Information provided
──────

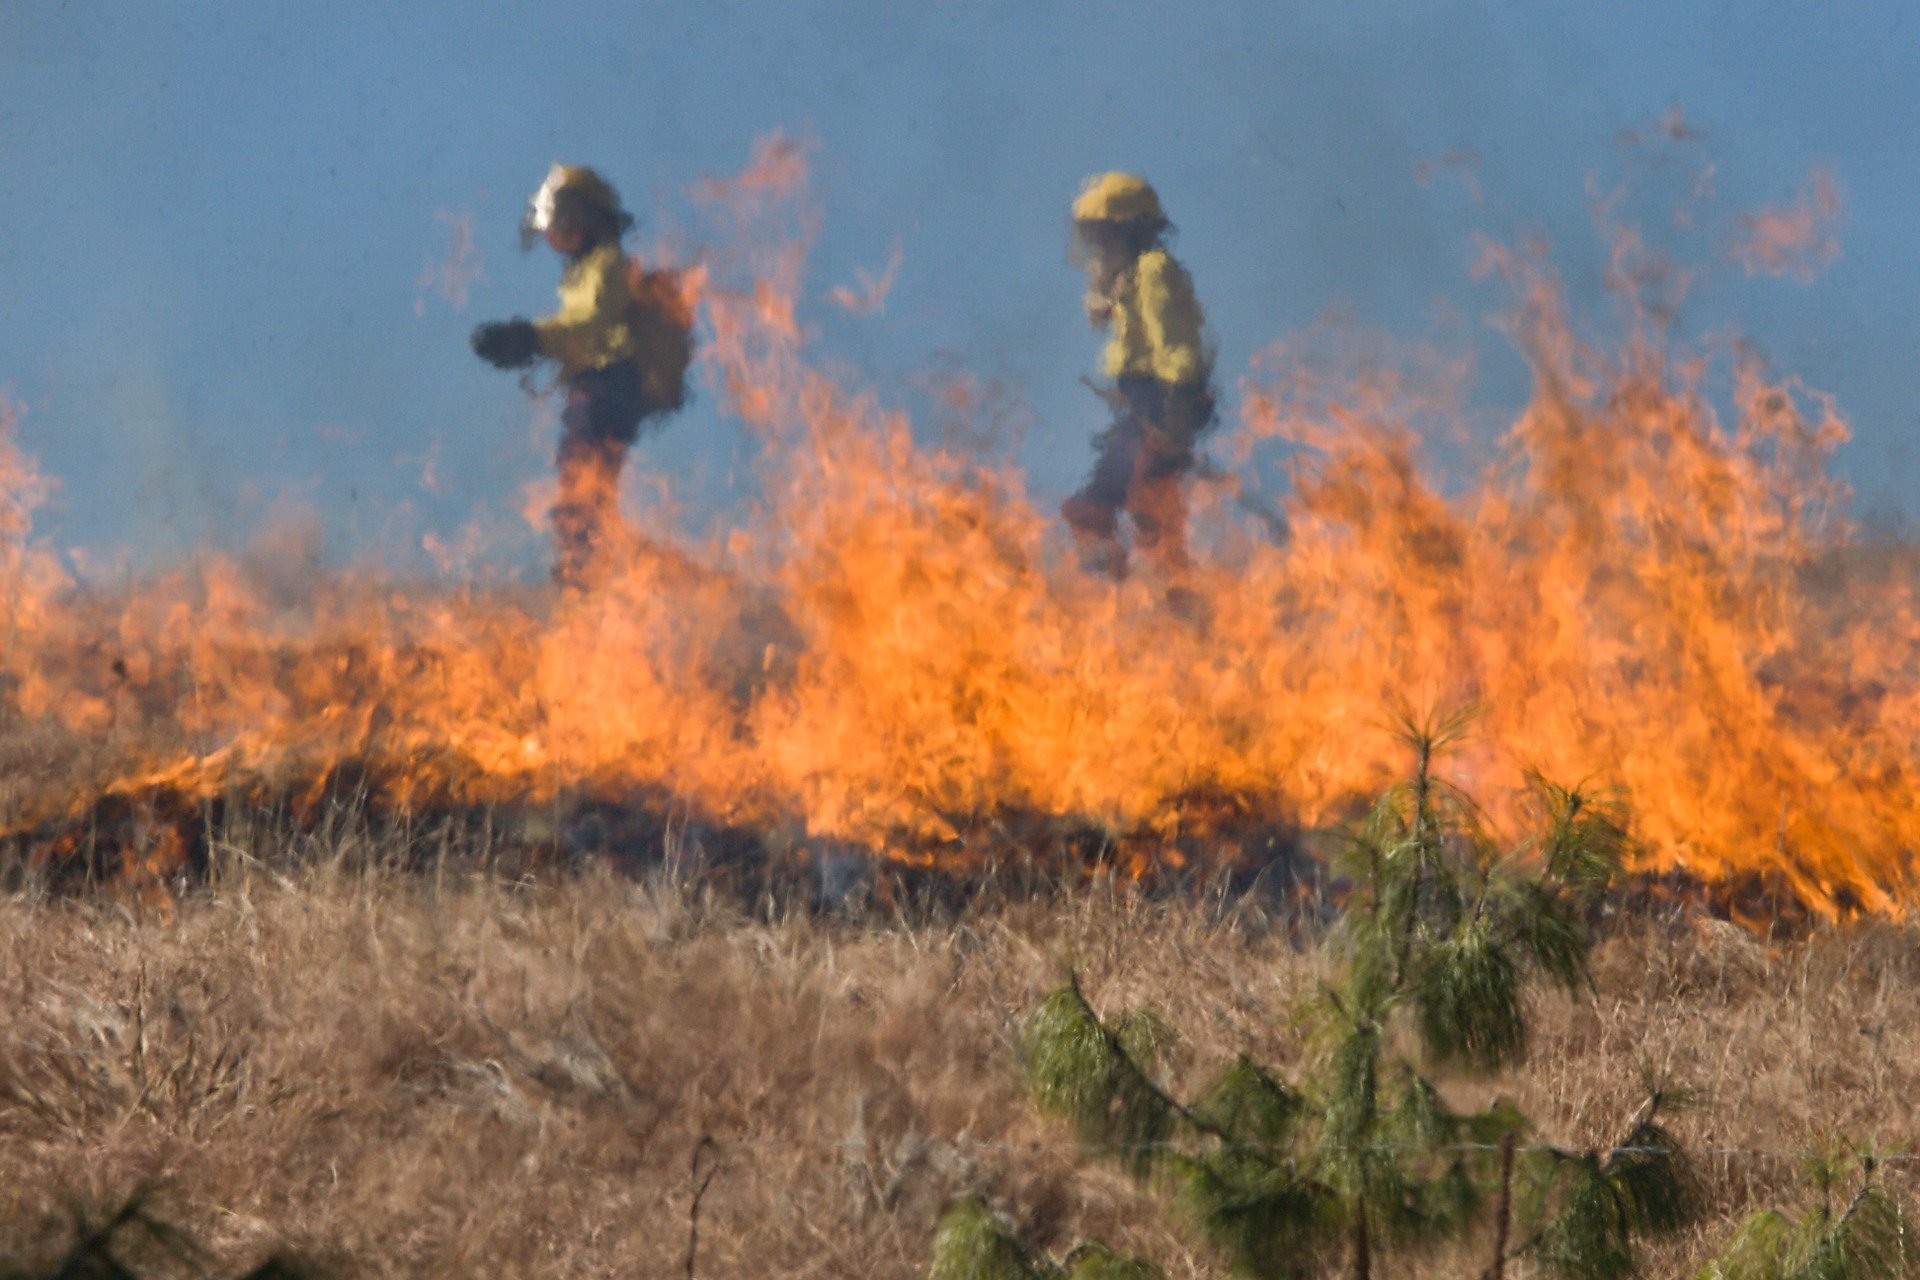 With the EUPHEME project, Prof. Stott is linking extreme heatwaves and resulting wildfires to climate change.
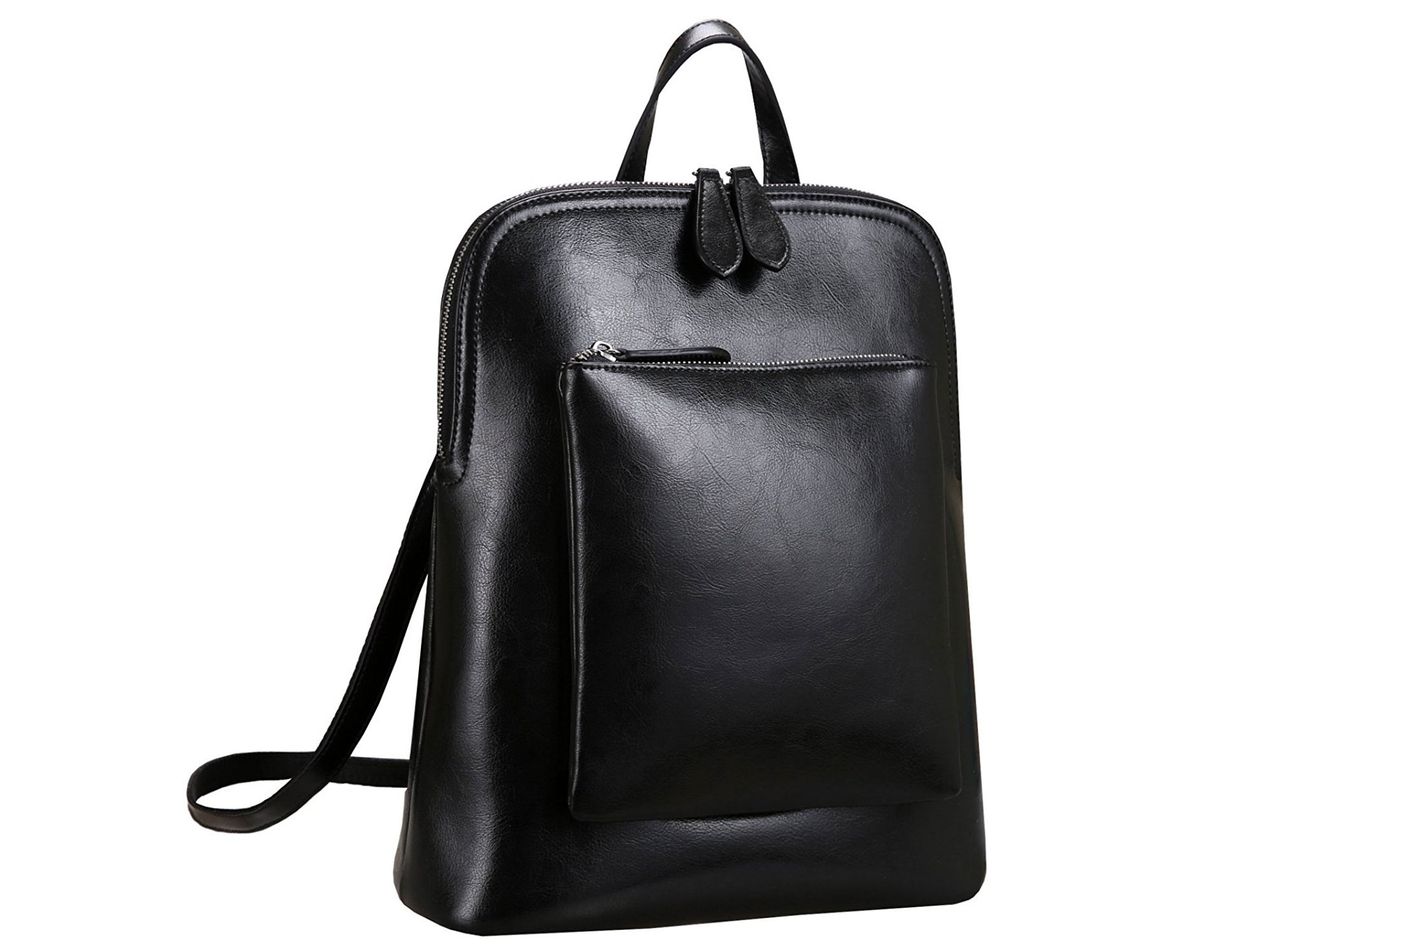 Best Black Leather Laptop Backpack | Literacy Ontario Central South
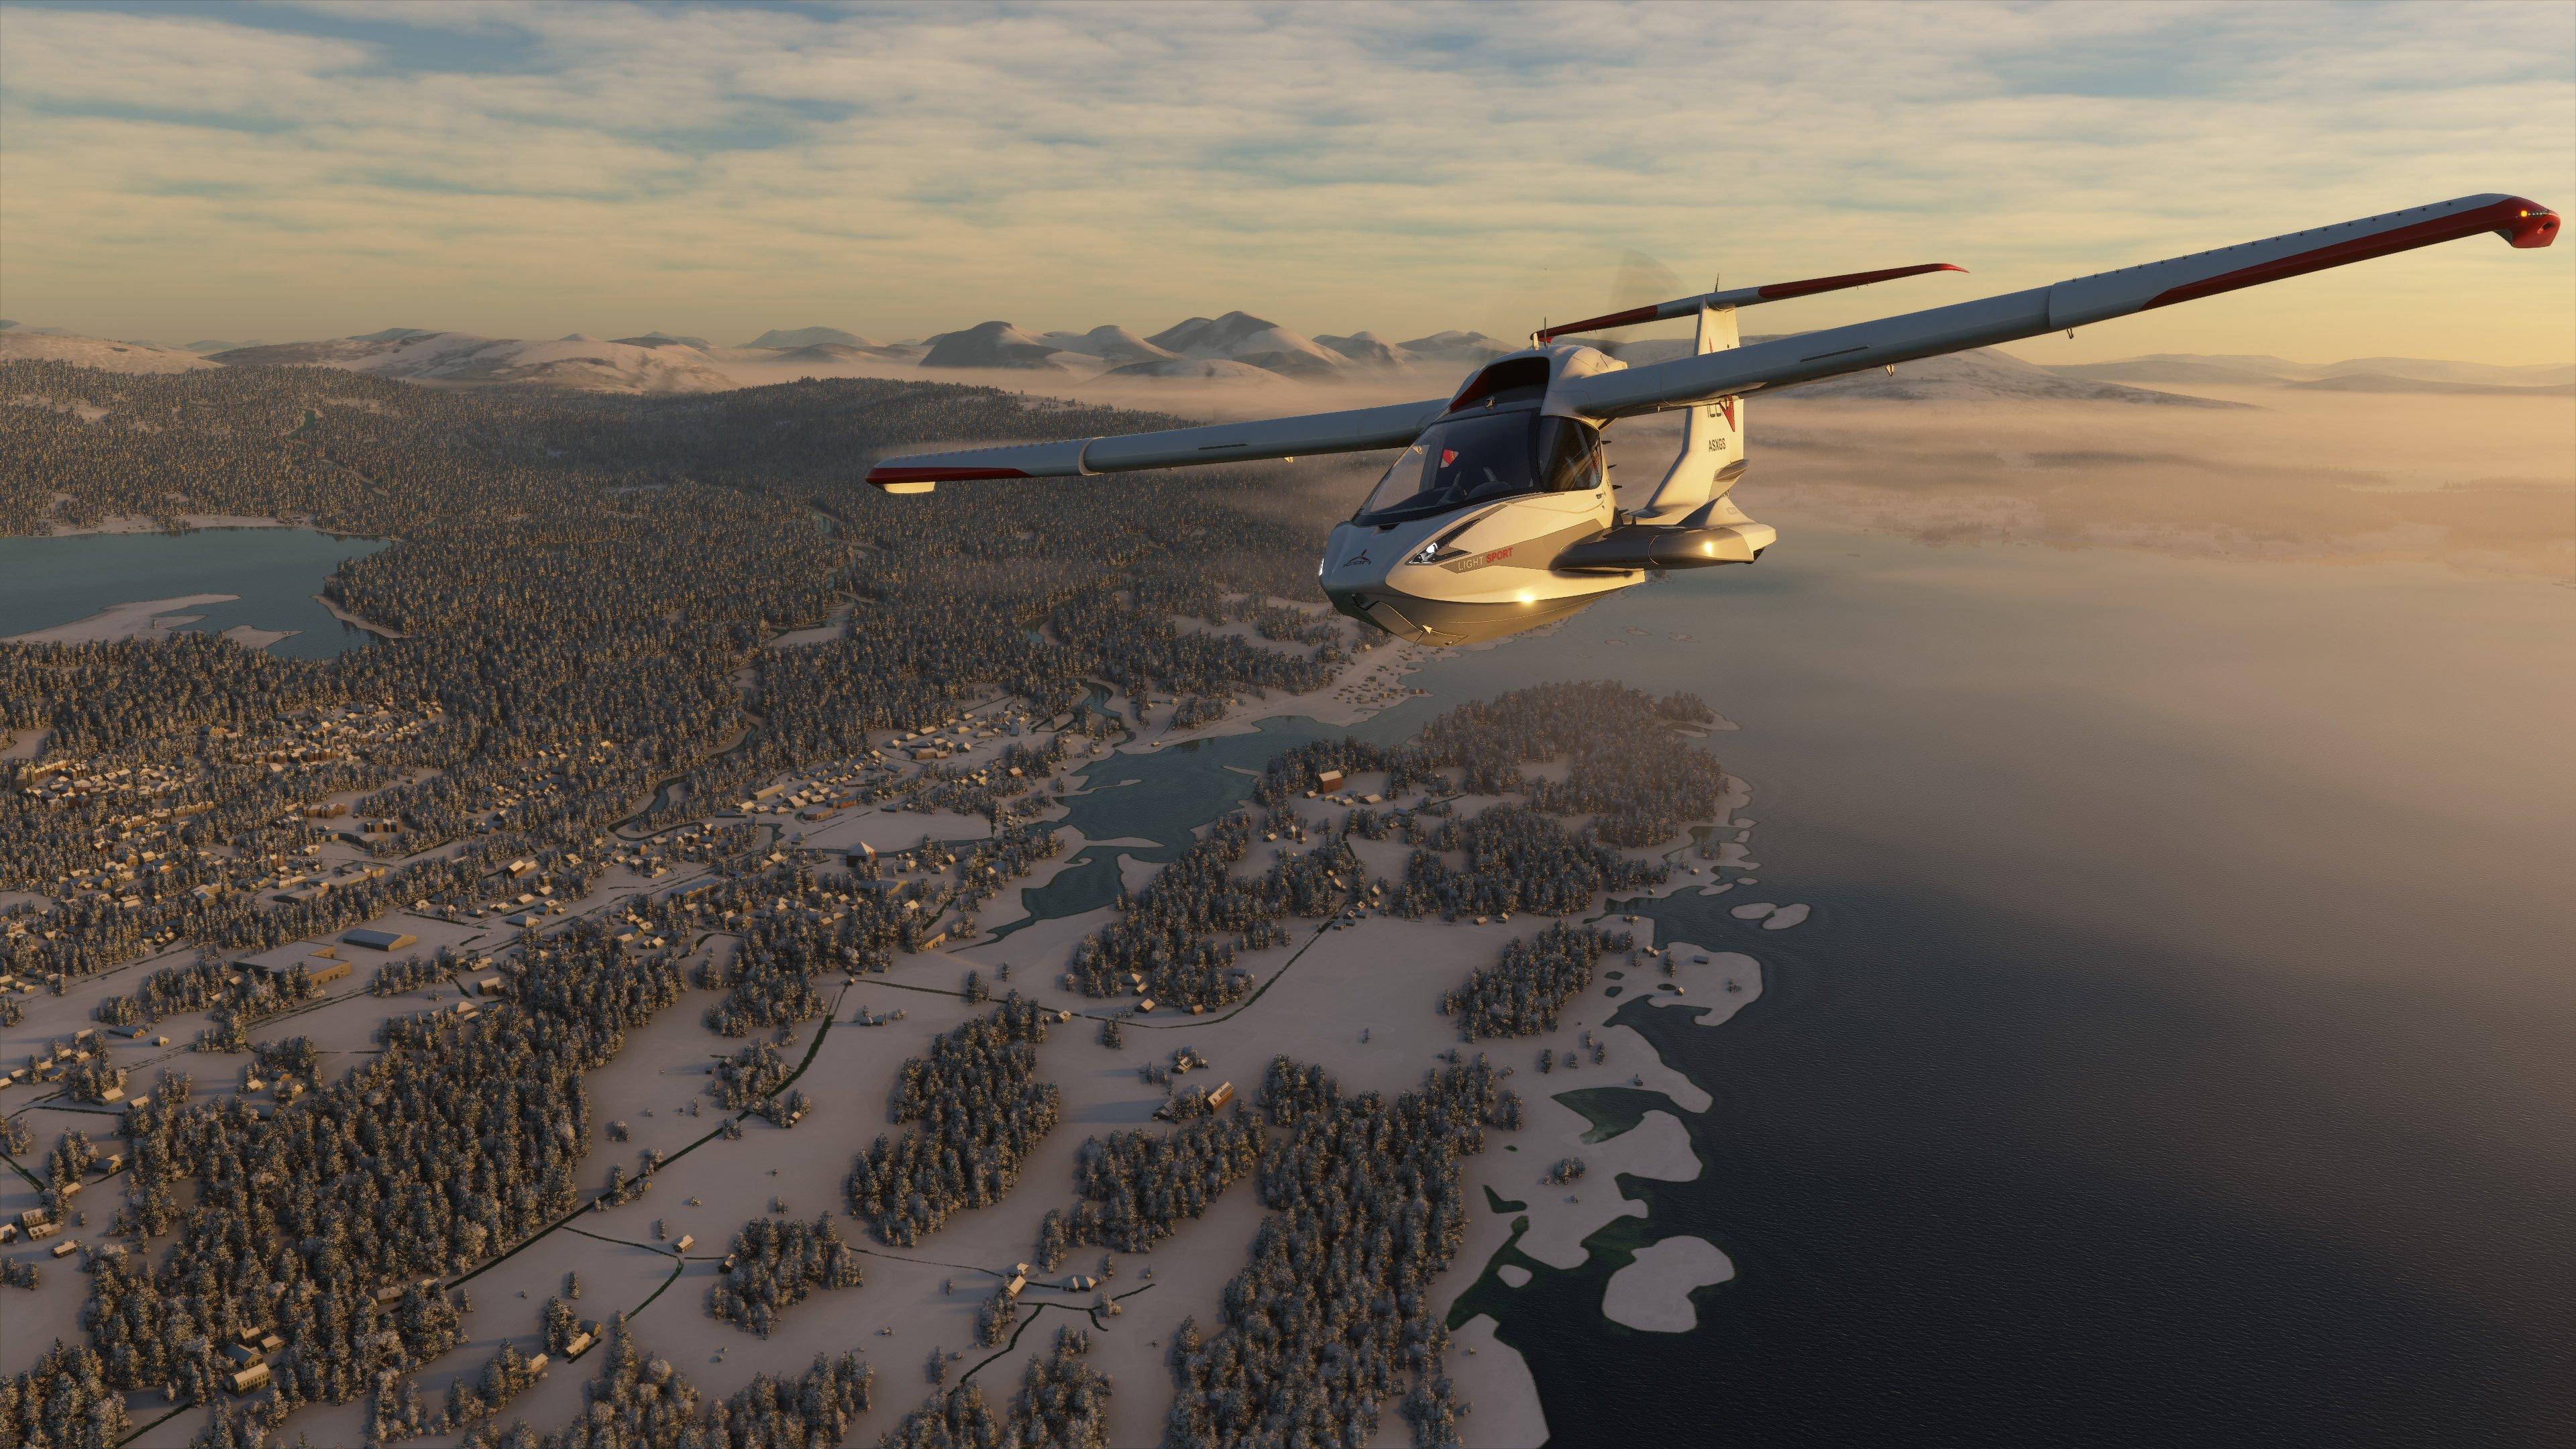 Microsoft Flight Simulator is a Fantastic Flying Experience on Xbox Series X

──────

Exercise requirements
Reproduce every line of the material precisely, omitting its pictures.

Exercise output
 With the EUPHEME project, Prof. Stott is linking extreme heatwaves and resulting wildfires to climate change.
 Best Black Leather Laptop Backpack | Literacy Ontario Central South
 Microsoft Flight Simulator is a Fantastic Flying Experience on Xbox Series X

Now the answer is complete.